Пимен Карпов
Пламень
Пламень
Из жизни и веры хлеборобов
Сердце, бедное мое сердце,
и эту песнь огня
возношу
пресветлому духу отца моего,
страстотерпца и мученика,
сожженного на костре жизни.
Книга первая. Прими
I
Под окном в холодном огне заката качали тяжелыми шапками сонно тополя, липы. Где-то у горы в лесных камышах, одинокий, плакал о любви коростель. В доме плясали и ухали мужики под всплески струн.
А за открытой настежь дверью Феофан, крепкий как кремень, преклонив перед низким дубовым престолом колено, читал глухим, замогильным голосом акафисты праведникам, переступившим через кровь.
Шумы росли, вздымались, покрывая струны и песни. У черного престола, в пороге падали навзничь жеглые духини. Кормчие в разгоряченном клубке тел и вер, сплетаясь емко, кликали клич, чтоб загасить солнце, супротив Сущего ополчиться, да принять муку лютую, любжу смертную.

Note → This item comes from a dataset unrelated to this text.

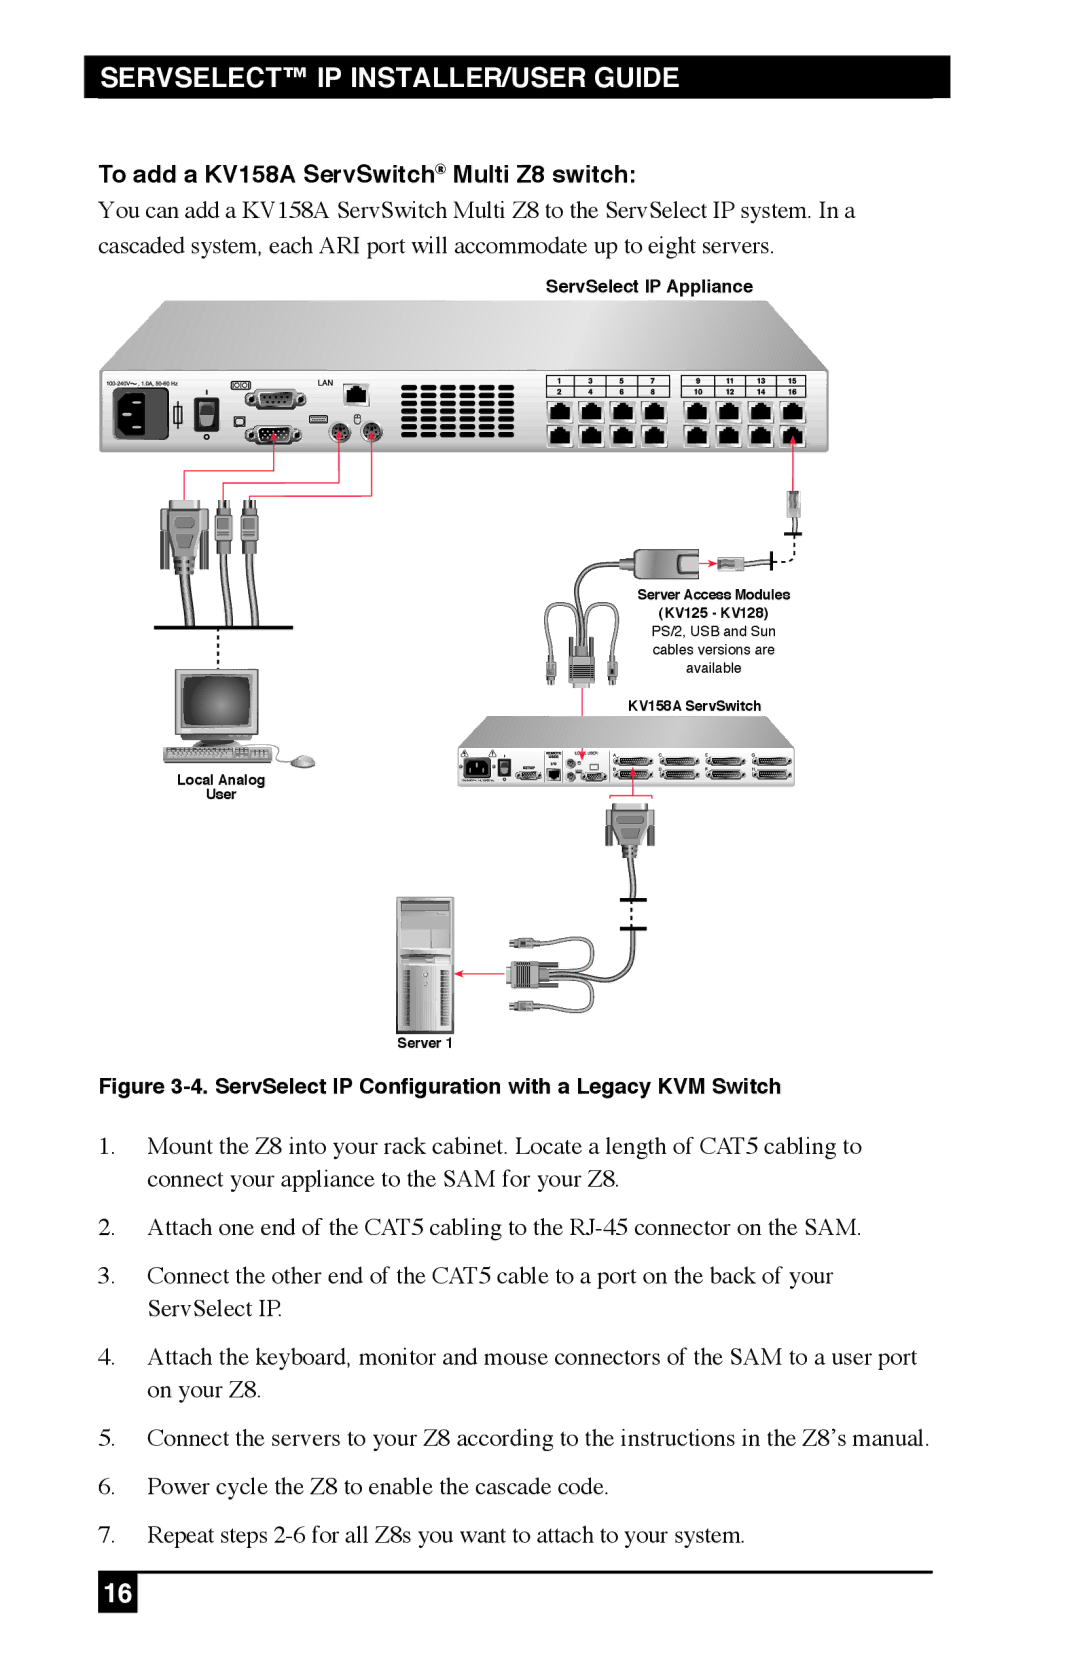 Black Box KV212E, KV120E To add a KV158A ServSwitch Multi Z8 switch, ServSelect IP Configuration with a Legacy KVM Switch

Недвижимо Феофан стоял на коленях перед престолом, зажав в костлявых руках черную, закапанную желтым воском книгу.
Застыли, точно завороженные, и мужики.
Под дубовым, изукрашенным старою резьбою балдахином, в рамах малинового бархата висели над престолом отреченные картины: праматерь Ева с обнаженным сердцем, прободенным острыми мечами, и Каин, в смятенье и ужасе застывший над убитым им Авелем.

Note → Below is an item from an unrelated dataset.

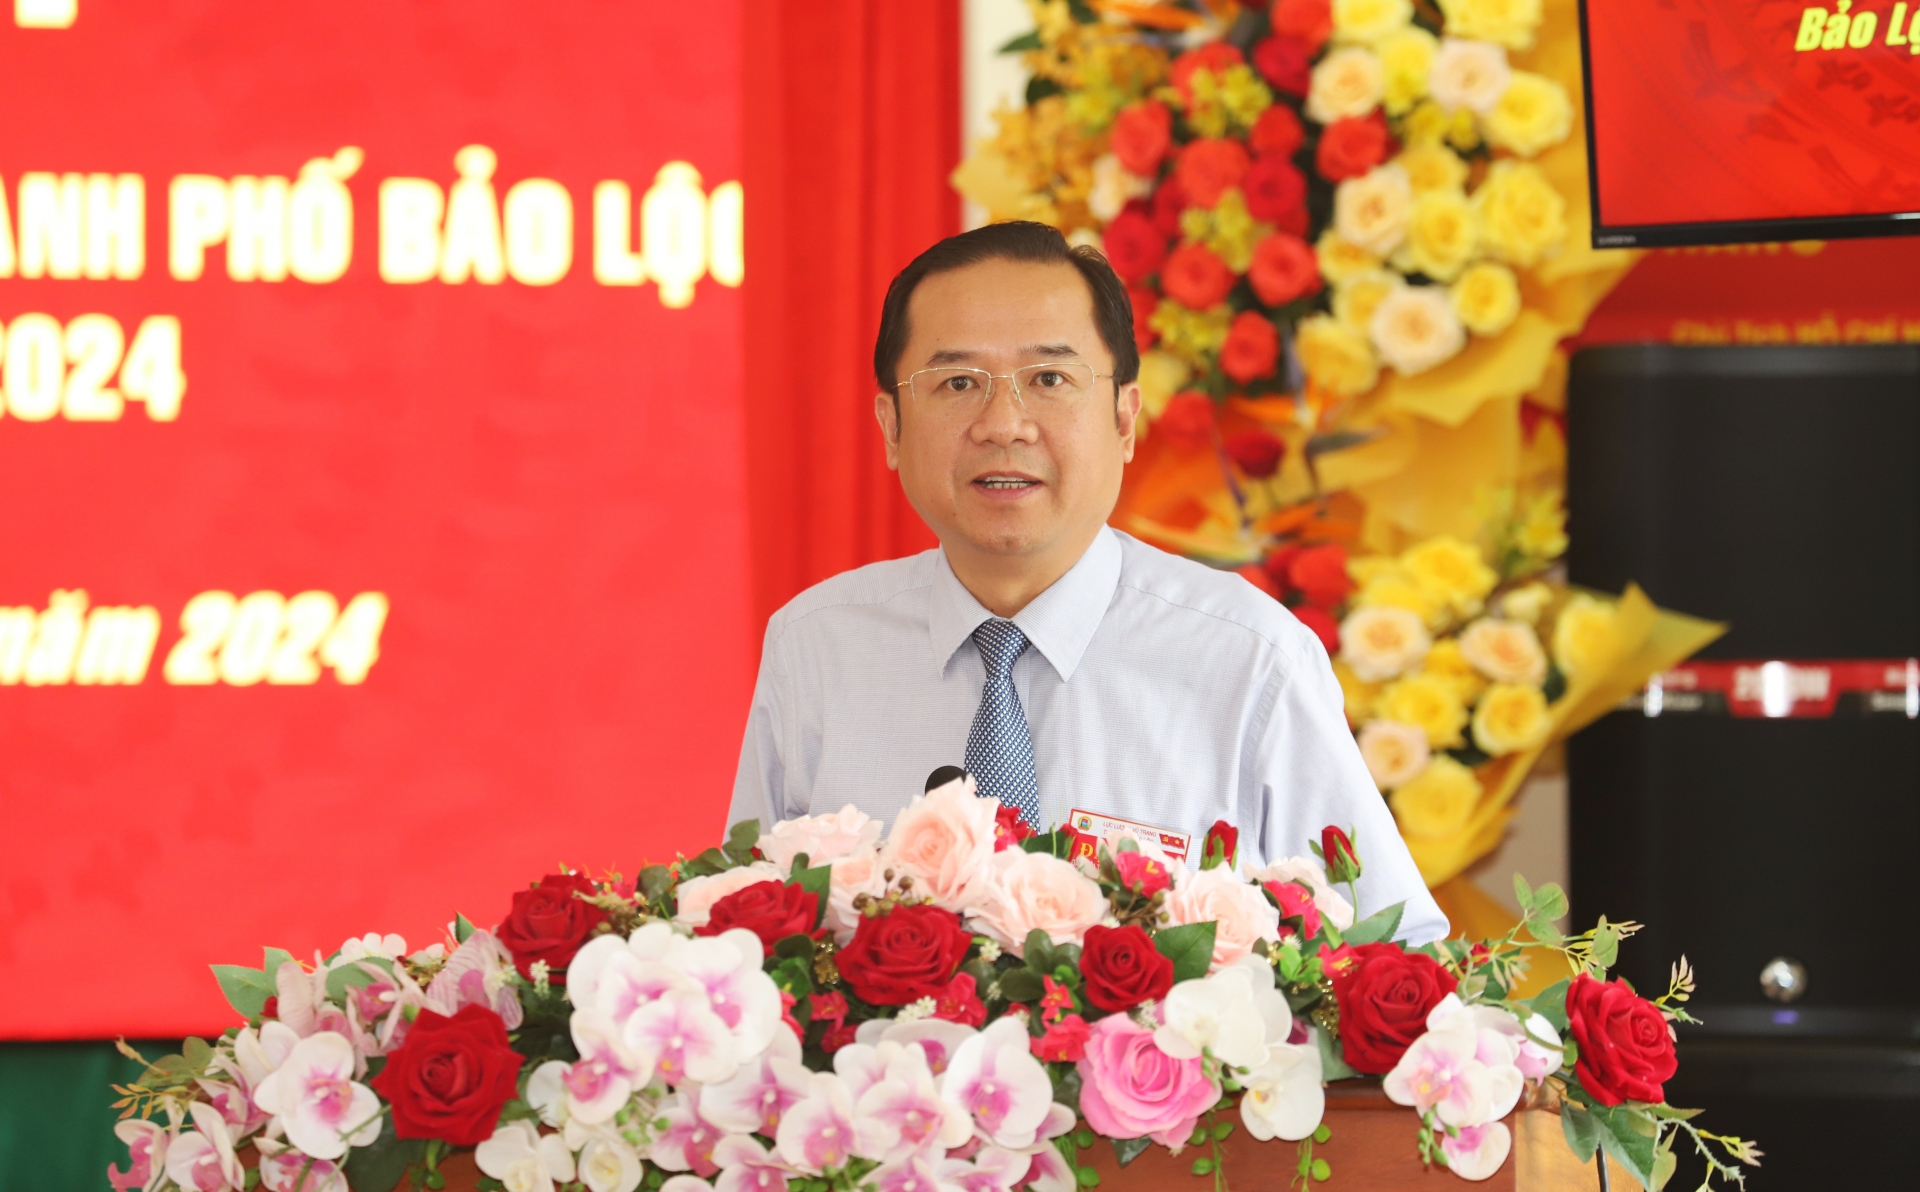 Đồng chí Tôn Thiện Đồng - Ủy viên Ban Thường vụ Tỉnh ủy, Bí thư Thành ủy Bảo Lộc phát biểu chỉ đạo tại Đại hội
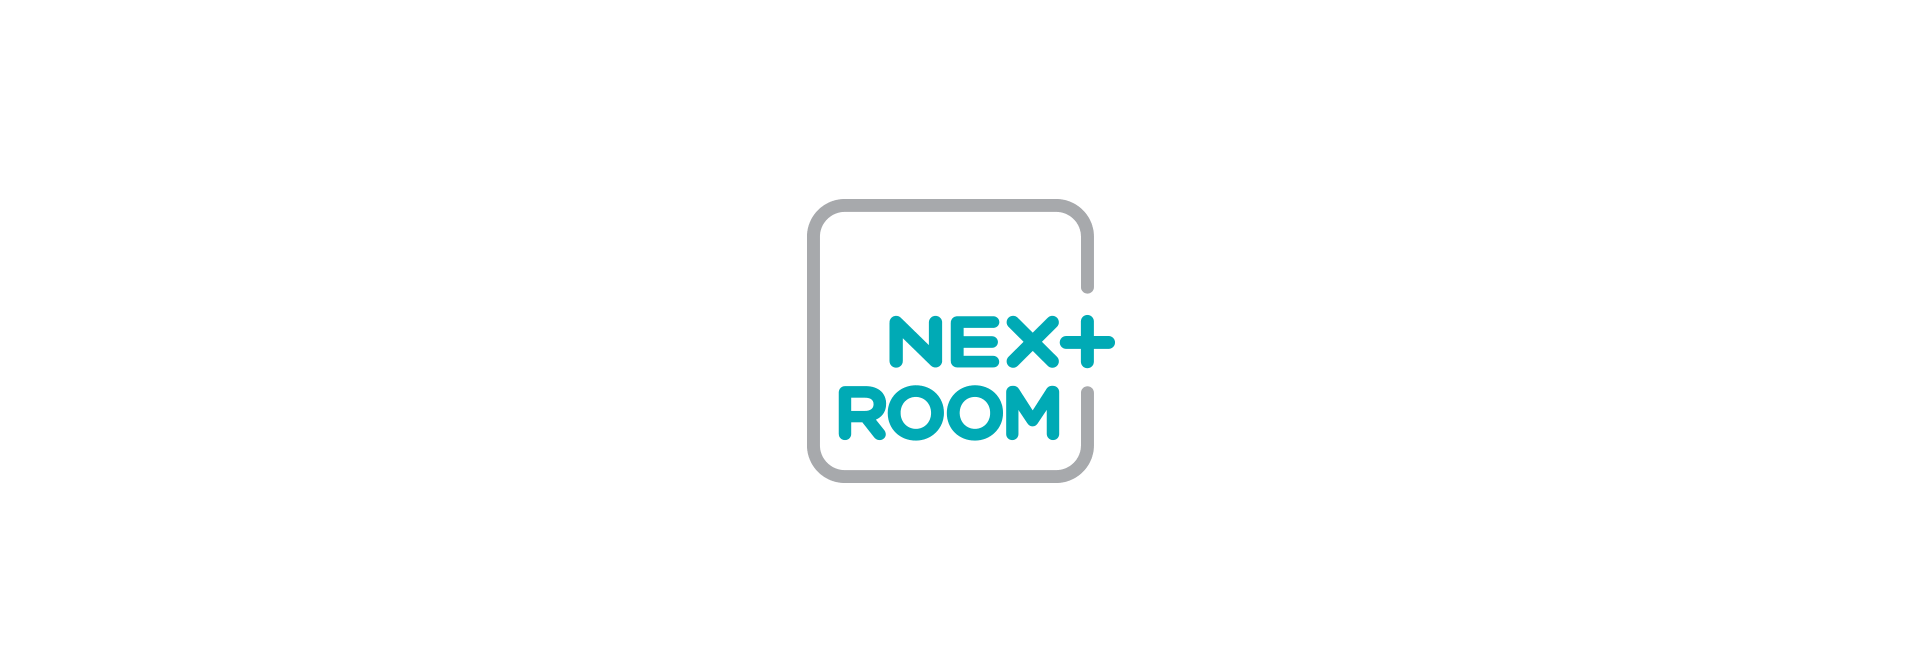 NextRoom final logo

Перед картинами горели лампады. Кровосмесительницу Еву, братоубийцу Каина и иных отверженцев Феофан чтил, как истых мучеников, прошедших через очистительный огонь зла и принявших муки от духа.

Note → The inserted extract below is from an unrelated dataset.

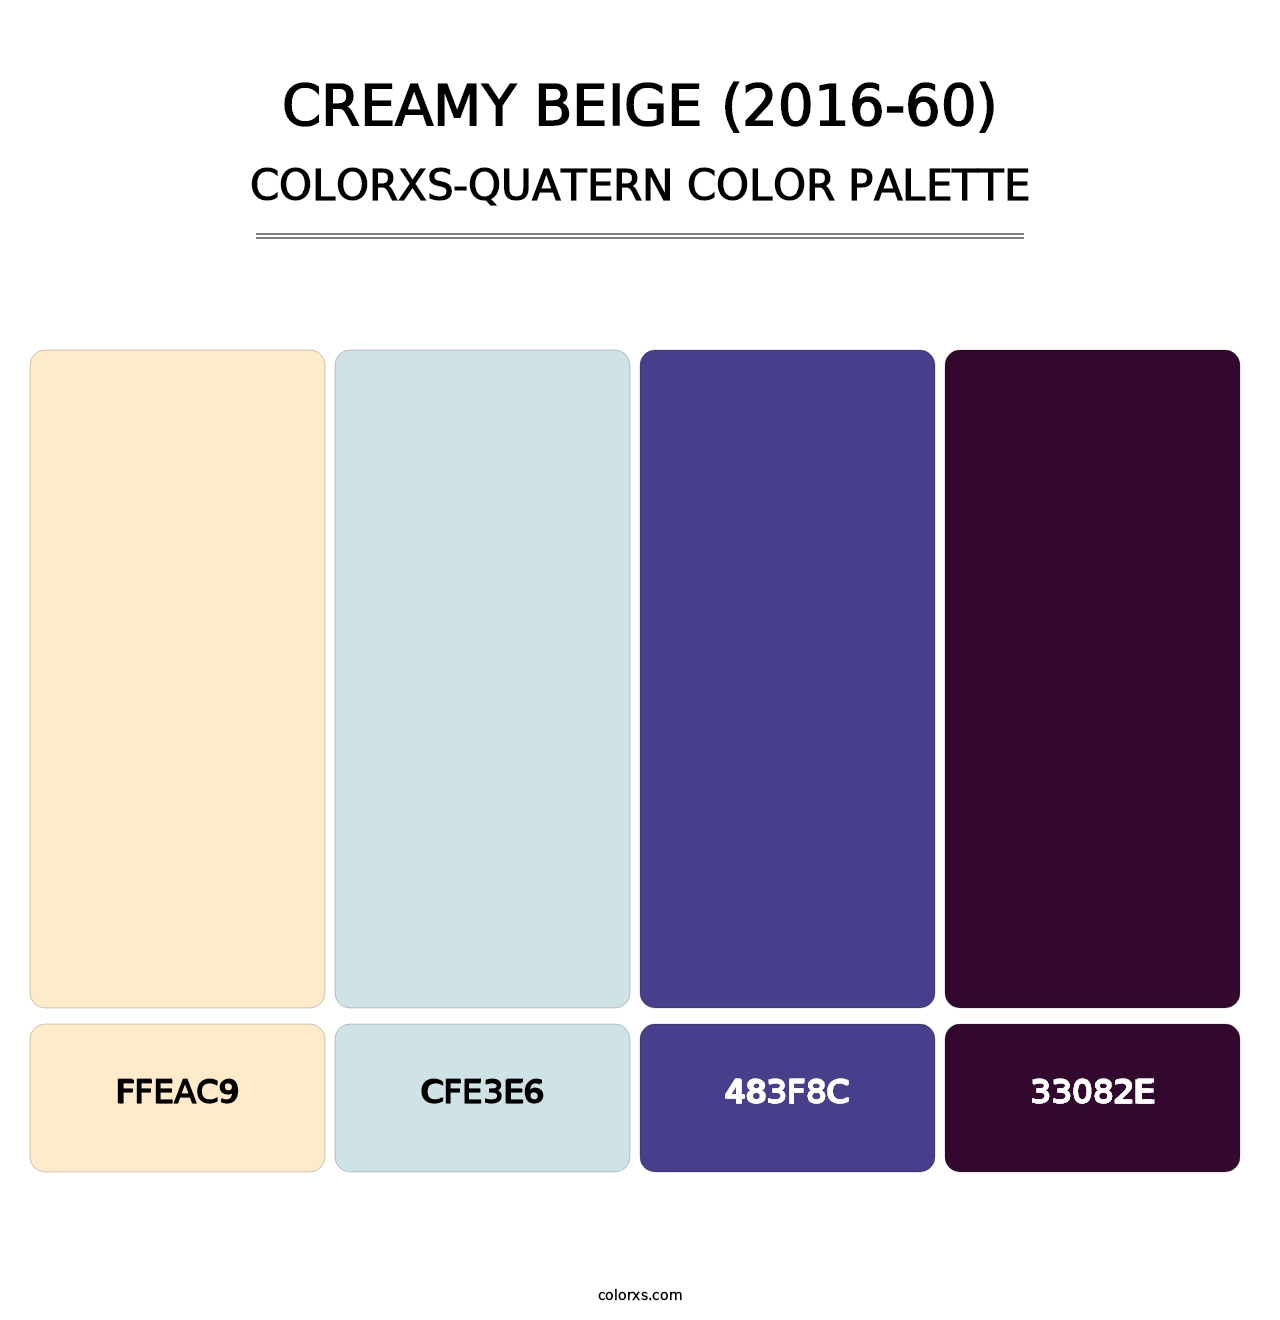 Creamy Beige (2016-60) - Colorxs Quatern Palette

В свете, смешанном с неверным сумраком, голубой плавал ладан. Феофан вещую запевал песню — песню Глубин. А духини катались по полу, кувыркались, выли, топая пятками так, что пламя лампад вздрагивало, колебалось и гасло. Кидались на Феофана. Лютовали — да отведает отреченных любж греха смертного — да освятит бури, бездны и тьму.
Но тверд был Феофан, хоть и жег сердце его острый, как коса смерти, искус.
Со взором отверженным и жестоким, с клеймами ожогов на щеке и тучей черно-седых, взлохмаченных волос Феофан весь был точно глухой ночной ураган.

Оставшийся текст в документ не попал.